* RECORDED INFORMATION:
▬▬▬▬▬▬▬▬▬▬
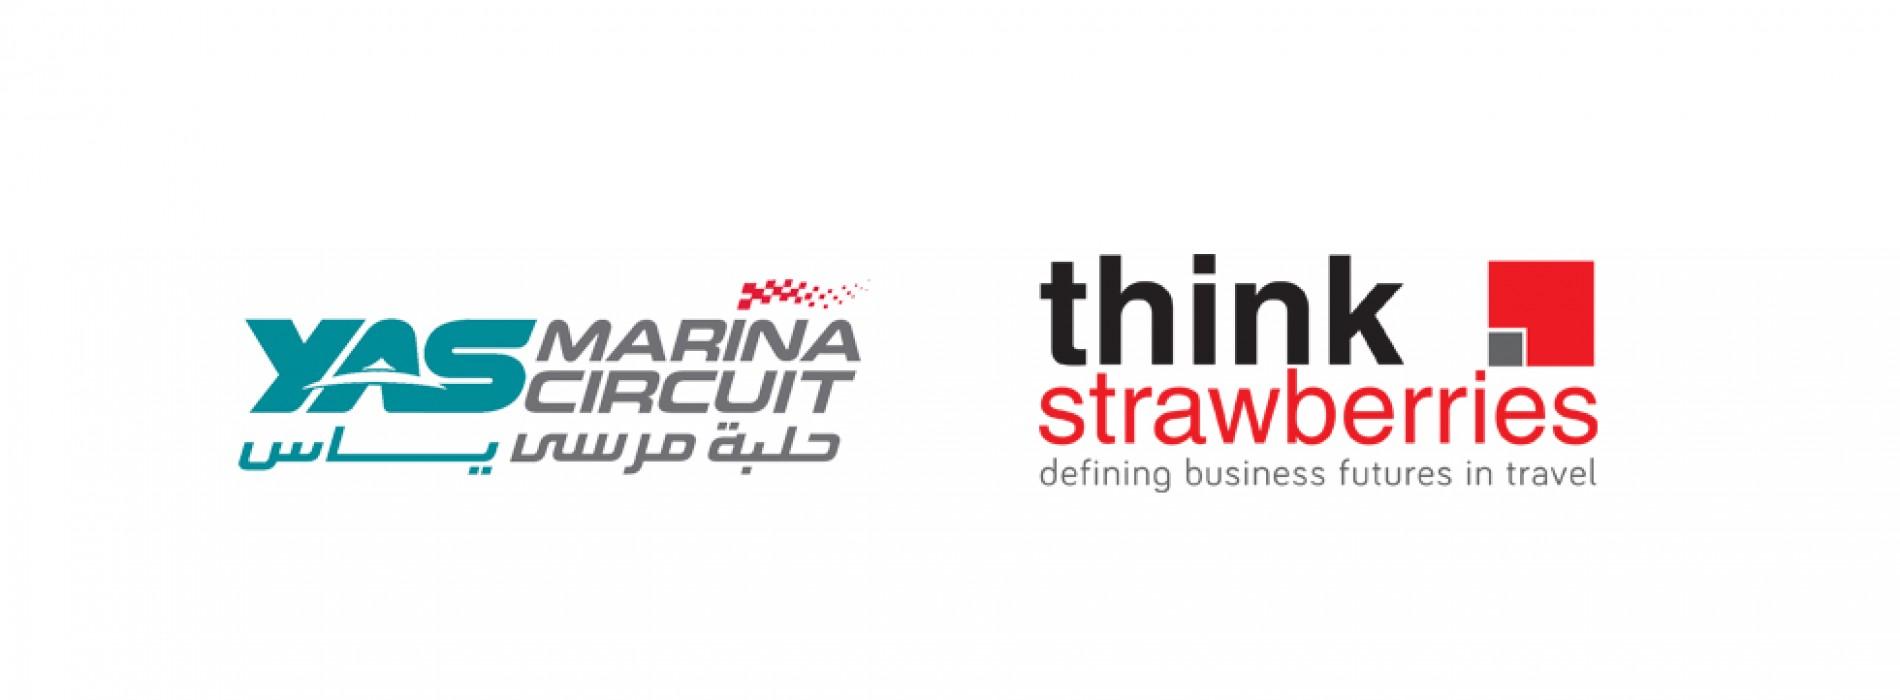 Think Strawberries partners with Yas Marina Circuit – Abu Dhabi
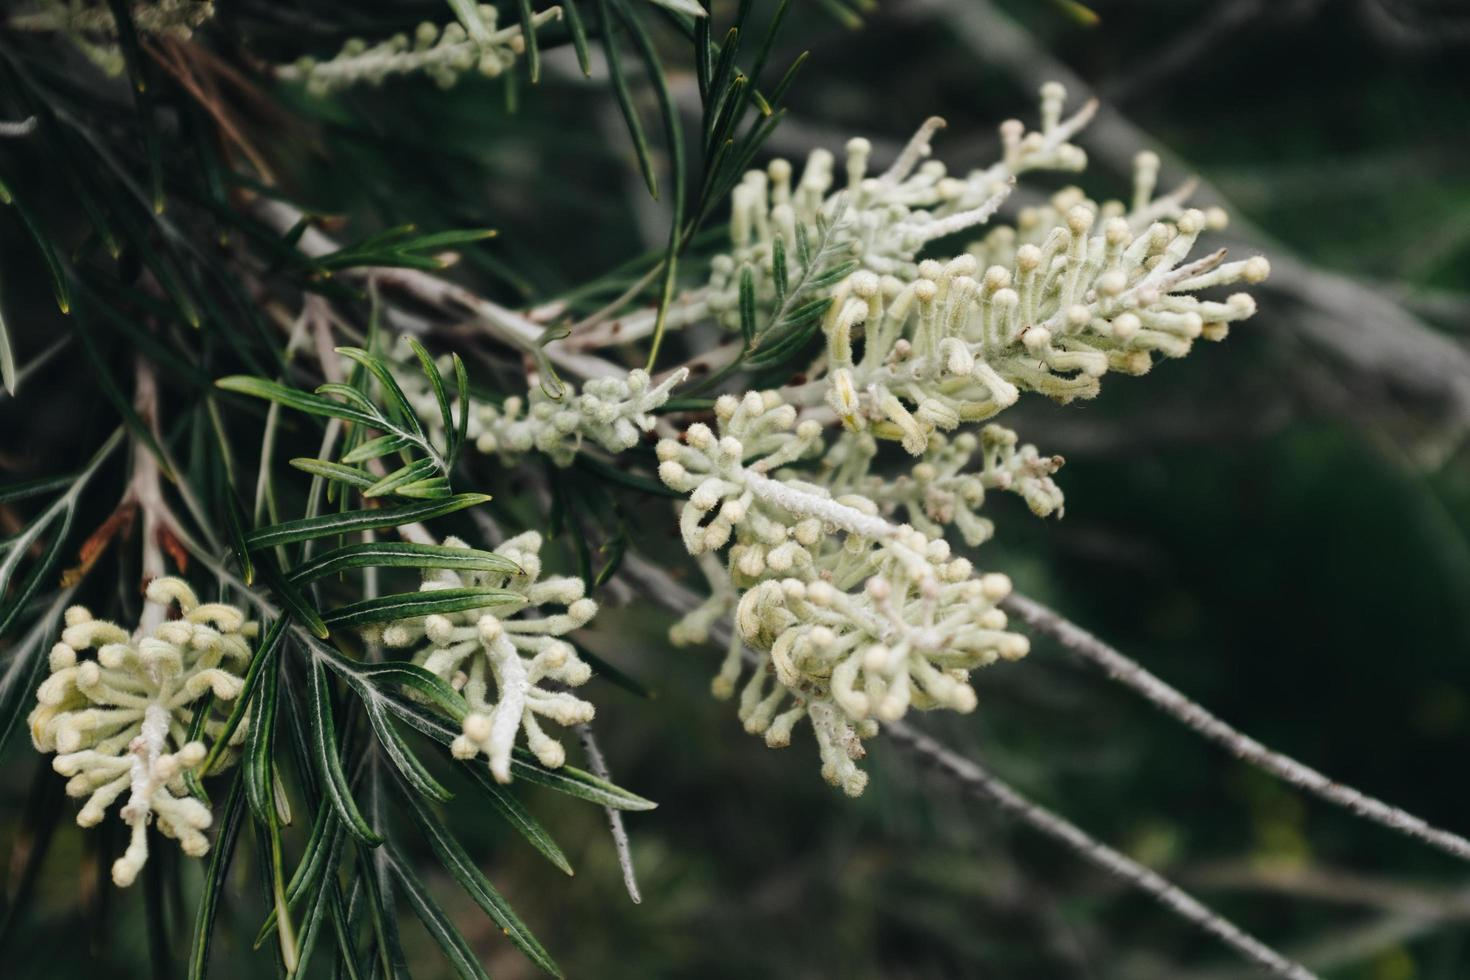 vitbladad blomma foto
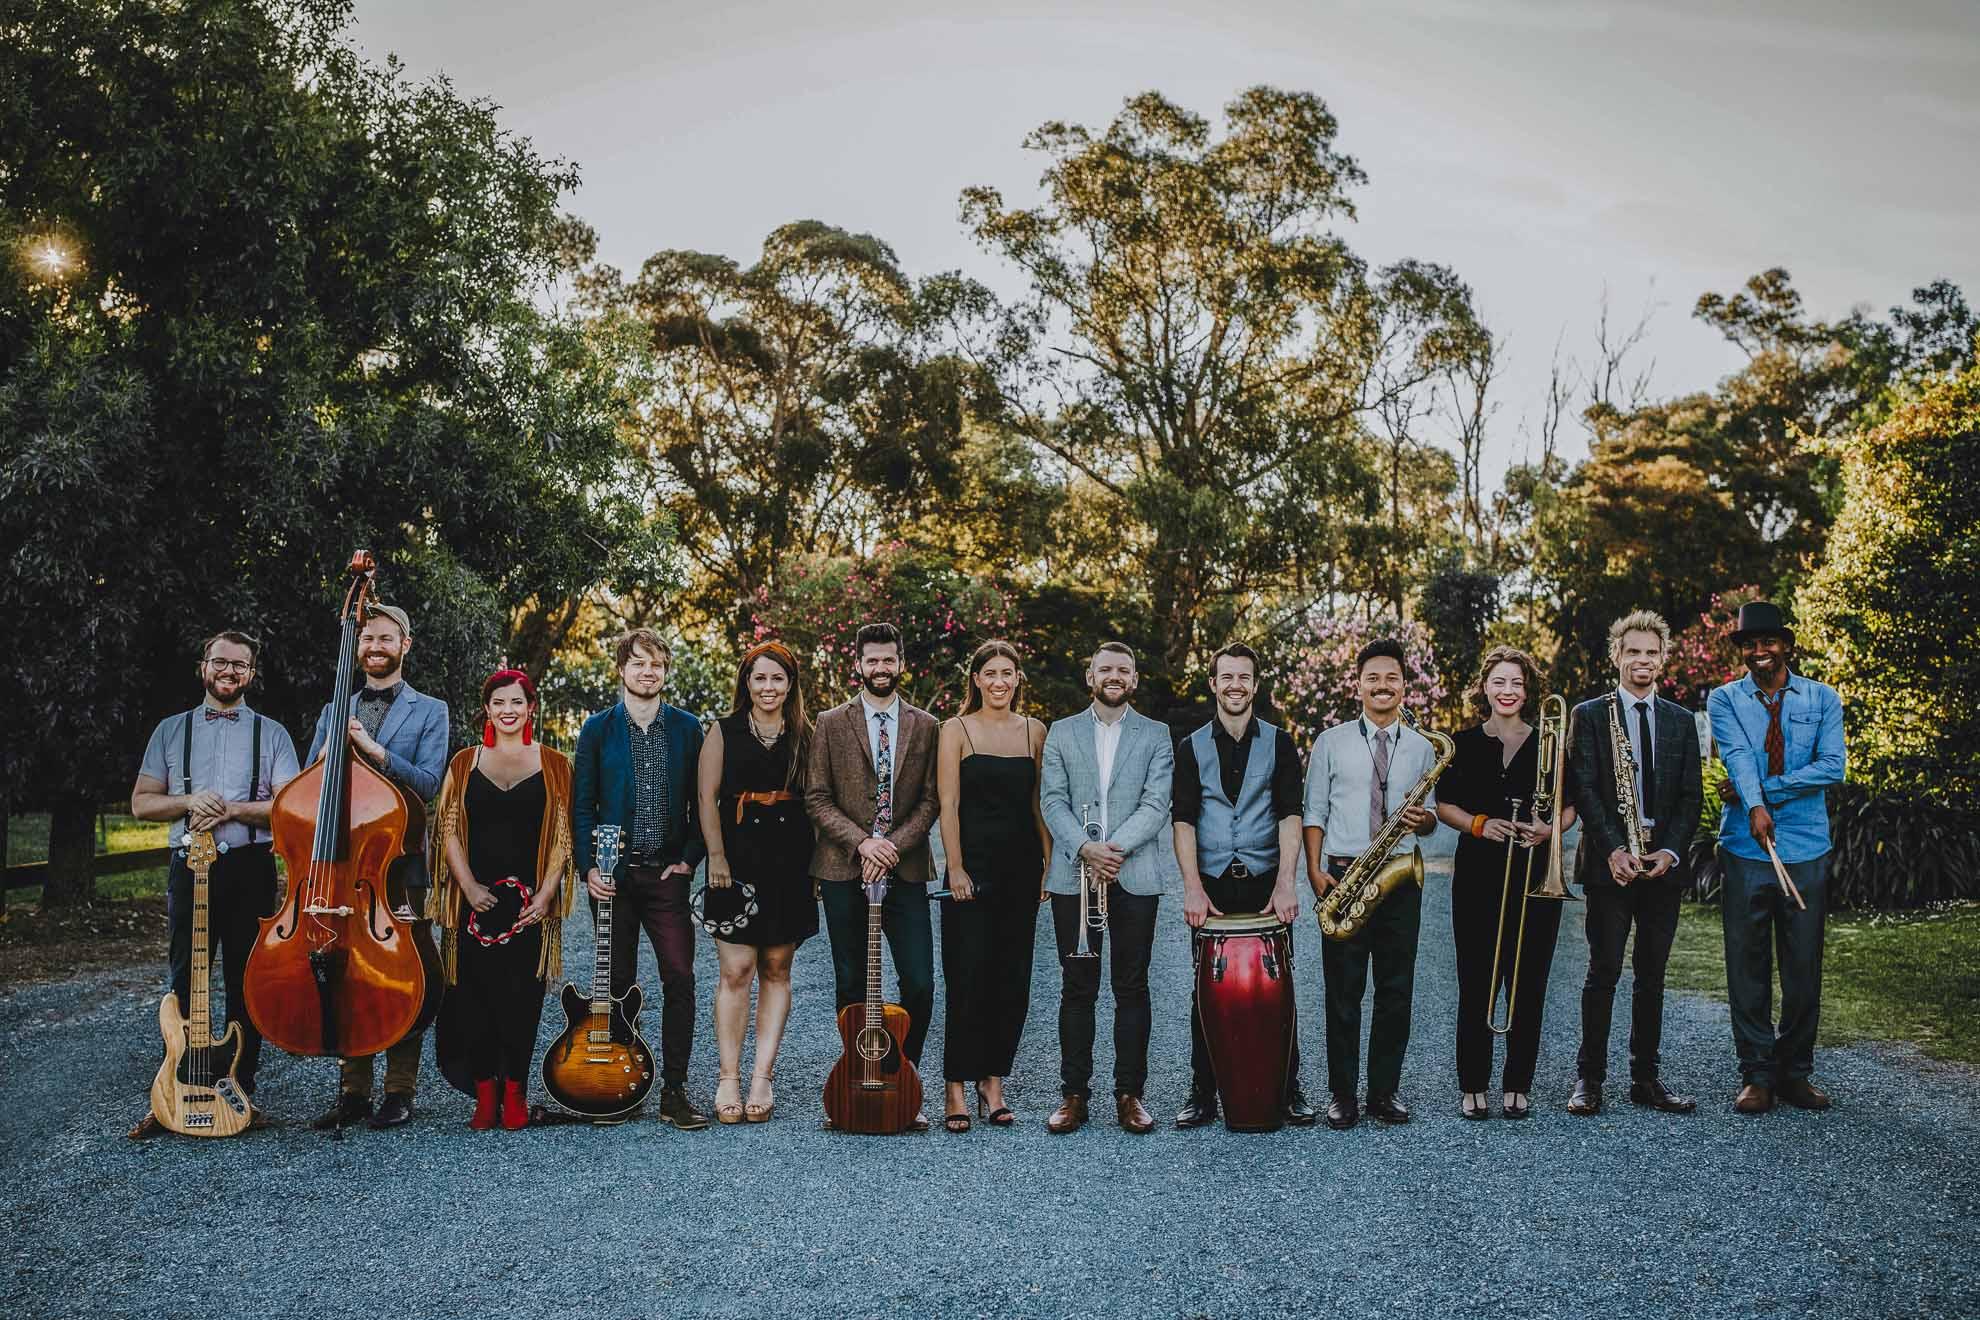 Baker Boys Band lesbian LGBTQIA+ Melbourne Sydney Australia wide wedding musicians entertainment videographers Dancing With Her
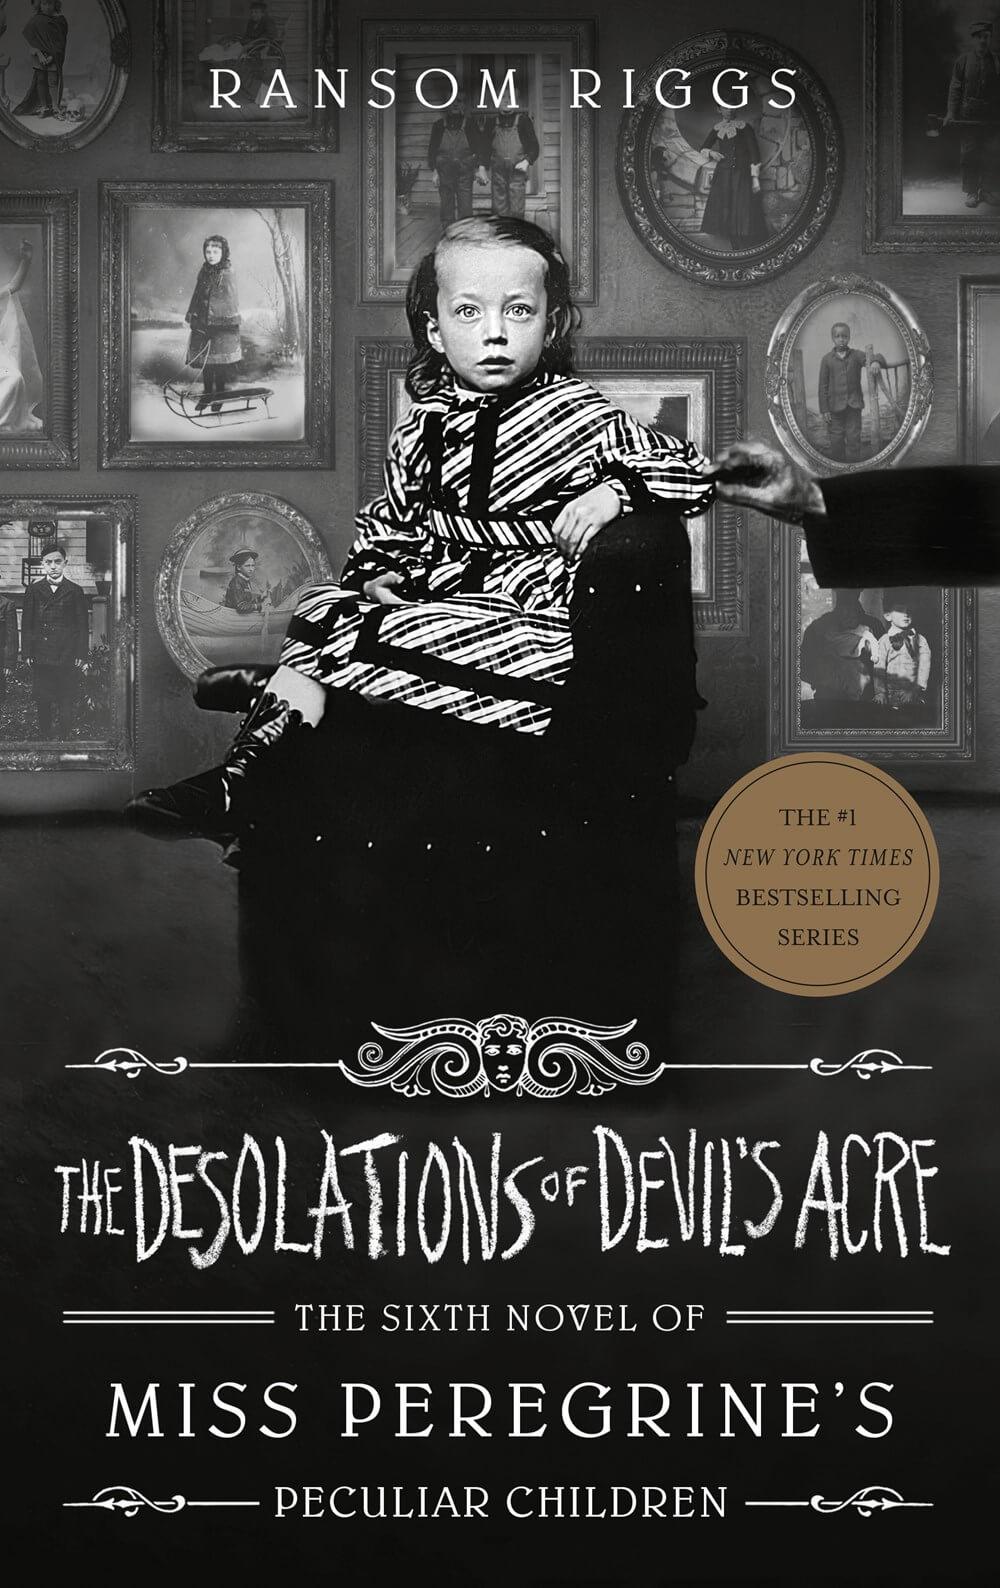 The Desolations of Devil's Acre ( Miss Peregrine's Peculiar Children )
▬▬▬▬▬▬▬▬▬▬
Your copy should hold exactly the lines from the one that contains "Baker Boys Band" through the final line of the data, both ends included, and no pictures.

* REPLY:
 Baker Boys Band lesbian LGBTQIA+ Melbourne Sydney Australia wide wedding musicians entertainment videographers Dancing With Her
 The Desolations of Devil's Acre ( Miss Peregrine's Peculiar Children )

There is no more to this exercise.